Hopefully this test may eliminate the beans as an issue. Of course, if you have managed to get hold of some beans you are familiar with and had good results with then this would be a better way of determining if its a grinder problem or the limitations of beans & grinder.

Also, getting a known coffee and trying to pour a good shot with that would eliminate any potential issues in the coffee machine itself clouding the issue.

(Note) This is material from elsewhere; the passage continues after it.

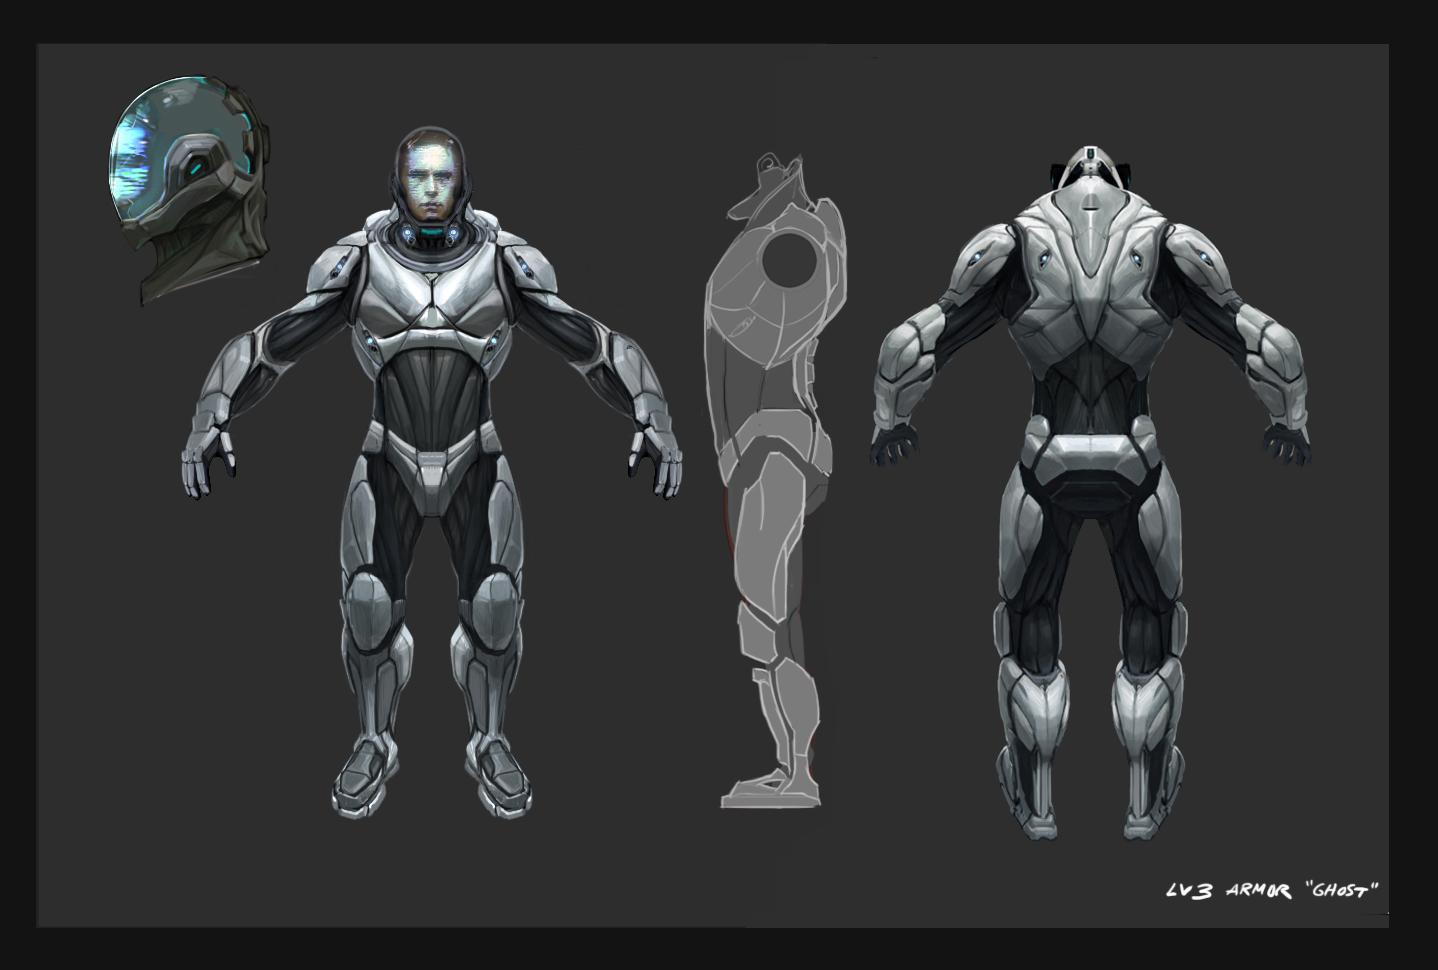 ghost armor armor xcom wiki fandom powered by wikia. Black Bedroom Furniture Sets. Home Design Ideas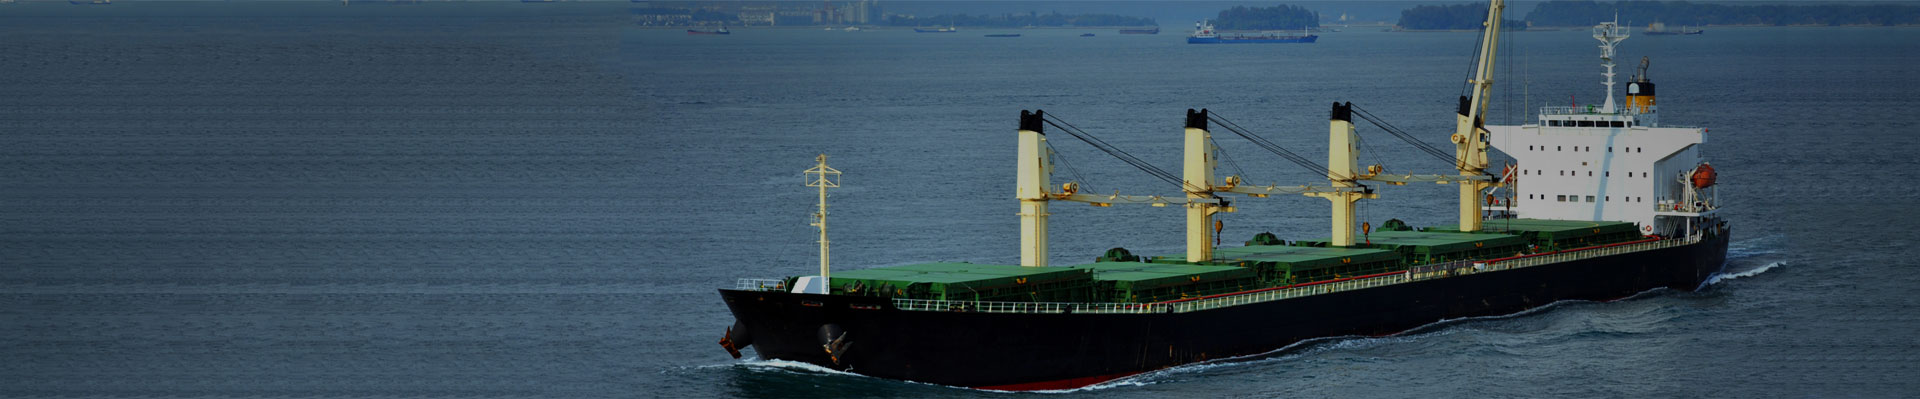 TMILL - Best International Shipping Service Provider

Pm me if you want to try sending me the beans to test on mine. But it would be good to hear how you get on with a known set of beans.

Good luck!


----------



## Nod (Sep 7, 2013)

i realise this thread has pretty much closed but i wanted to add that i think this was a bean issue due to it being high quality pacamara. i have a versalab m3 - pretty good grinder - and i could not really grind this bean fine enough - even with the burrs slightly touching. if we put that with the other feedback that EK43 and other top grinders were all on zero - conclusion - it was the bean - the mignon did not have a chance. forget about this bean for espresso and drink it brewed and try again with the next bean - i am sure it will be fine.


----------



## espressobhoy (Apr 4, 2016)

Did you ever find a solution to your issue with the mignon?


----------



## ohms (Jan 22, 2018)

espressobhoy said:


> Did you ever find a solution to your issue with the mignon?


I'm also curious what the outcome to this was!


----------



## Deejaysuave (Jan 26, 2015)

Sadly not... ending up EBaying it for non-espresso use only!


----------